As we already know, basically the tax rate is the basis for imposing tax on all tax objects that are the responsibility of the taxpayer. Tax rates are generally in percentages determined by the government as a reference to tax imposition. Structurally, there are at least 4 types of tax rates, namely progressive, degressive, proportional, fixed or regressive rates.

Income Layer Tariff
From 0 to IDR 50,000,000 5%
From > IDR 50,000,000,000 to IDR 250,000,000 15%
From > IDR 250,000,000 to 500,000,000 25%
From > IDR 500,000,000 to 5,000,000,000 30%
> IDR 5,000,000,000 35%

What are ways to dissolve/close the company?

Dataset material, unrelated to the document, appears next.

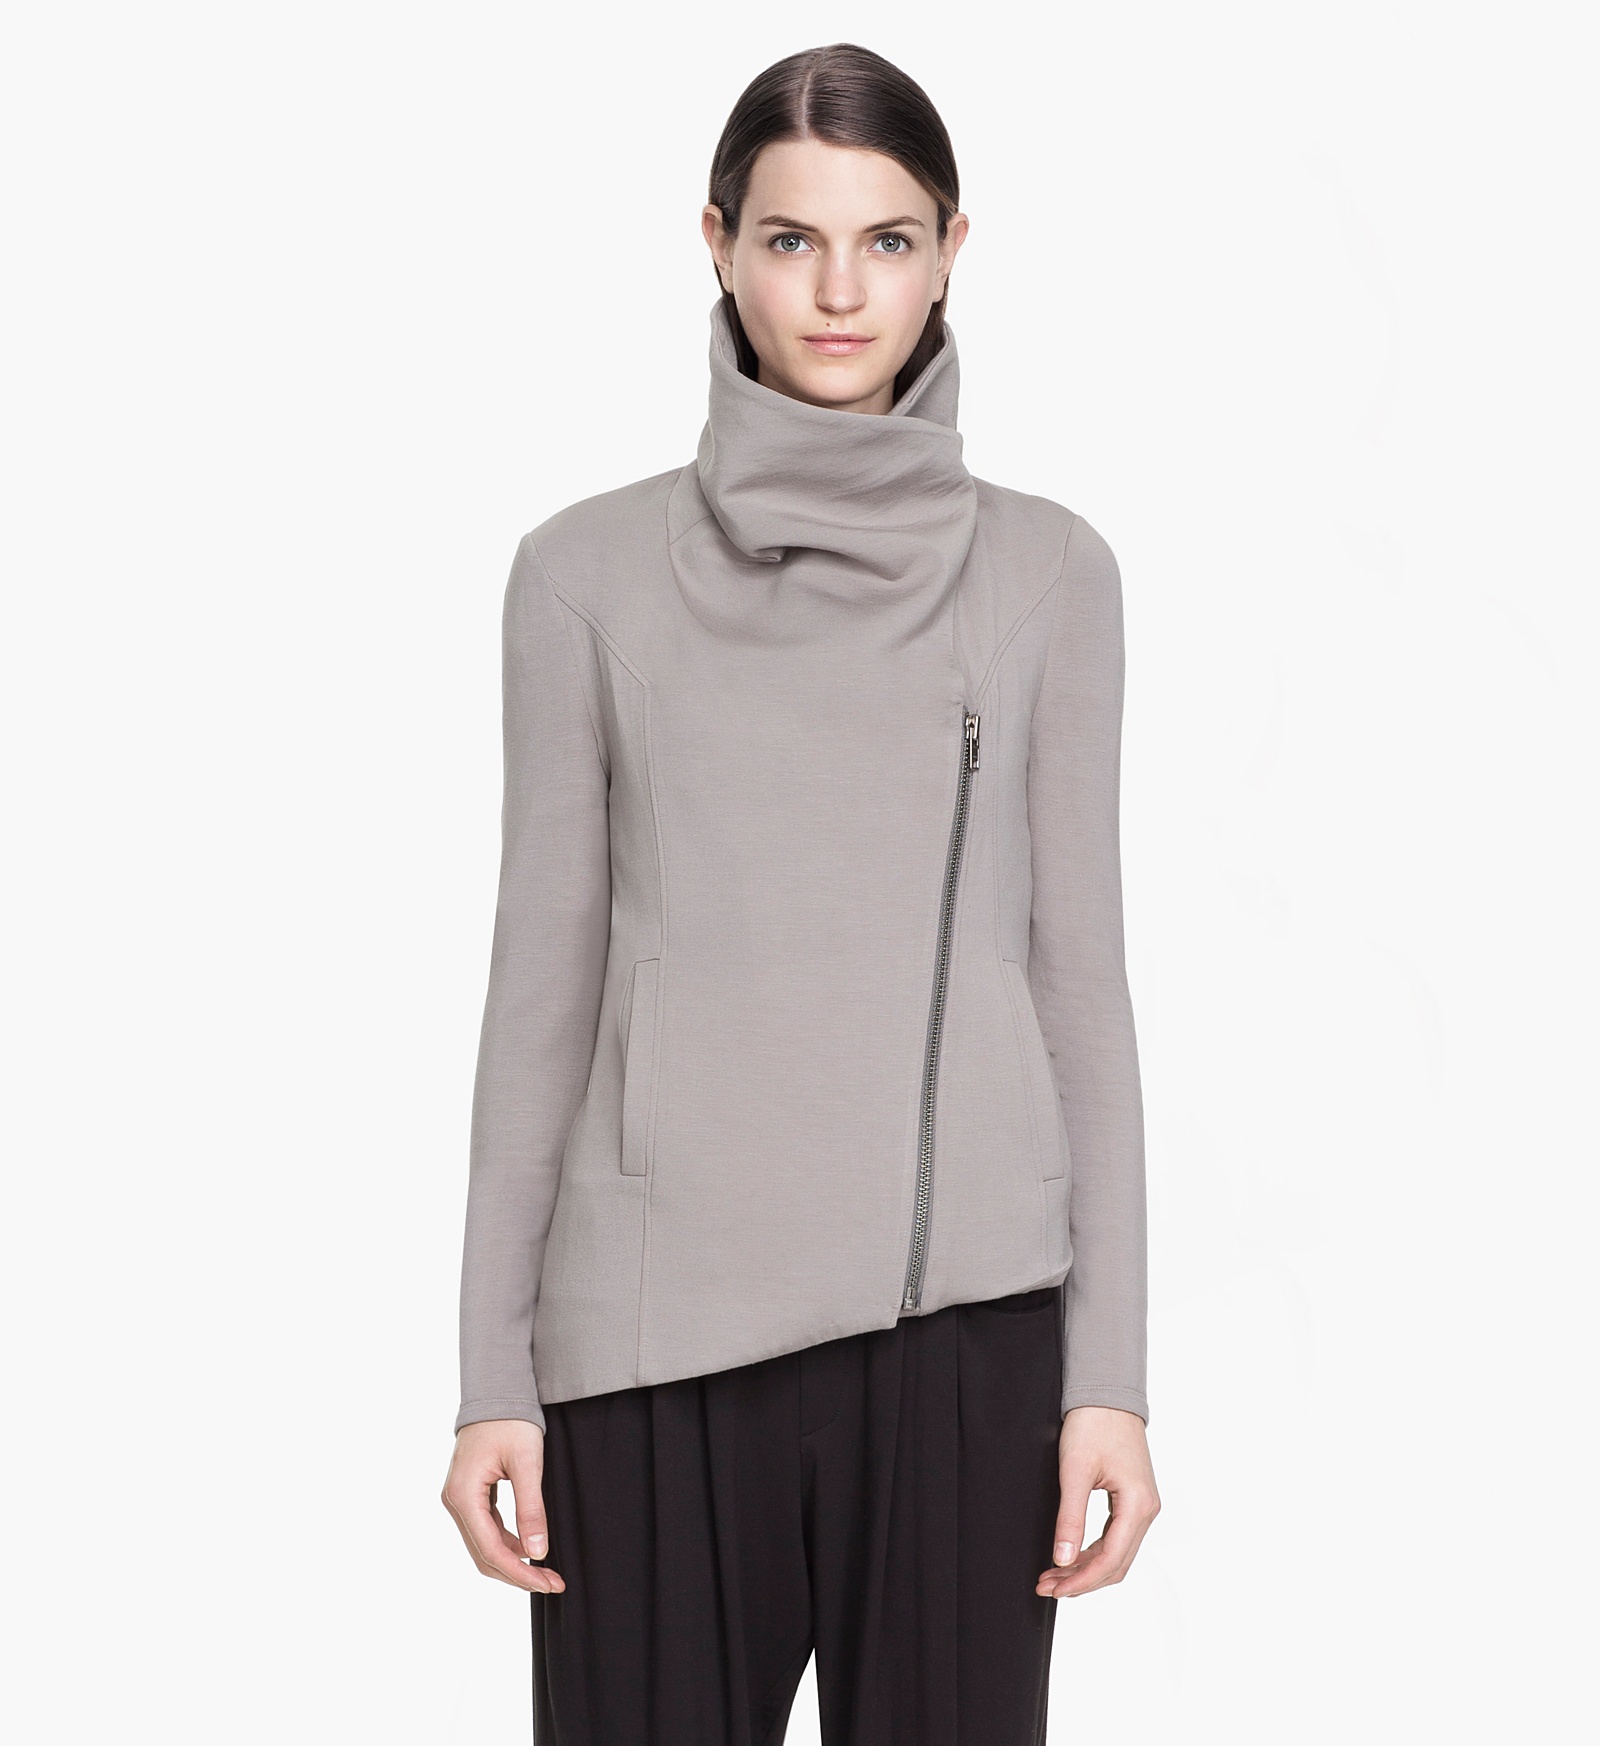 Shop Helmut Lang on A Few Goody Gumdrops and Get 25% Off! - A Few Goody ...

If you have made decision to close your company, the following are the steps you must take:

  1. Make a deed of dissolution at the Notary’s office
  2. Apply for the closure of your company’s NPWP at the tax office, but this process is not easy because the tax office must first carry out an audit of your company’s finances to ensure that your company does not have tax debts to the government; in this way, the tax office will carry out an audit of all transactions and your business activities and, as long as your company’s NPWP has not been officially closed by the tax office, your company still has the obligation to report and make payments complying with applicable regulations.

This is a brief description of the rights and obligations of companies that have been granted/have business permits from the government and have Taxpayer Numbers (NPWP) from the tax office, as taxpayers who must carry out their obligations complying with the applicable regulations.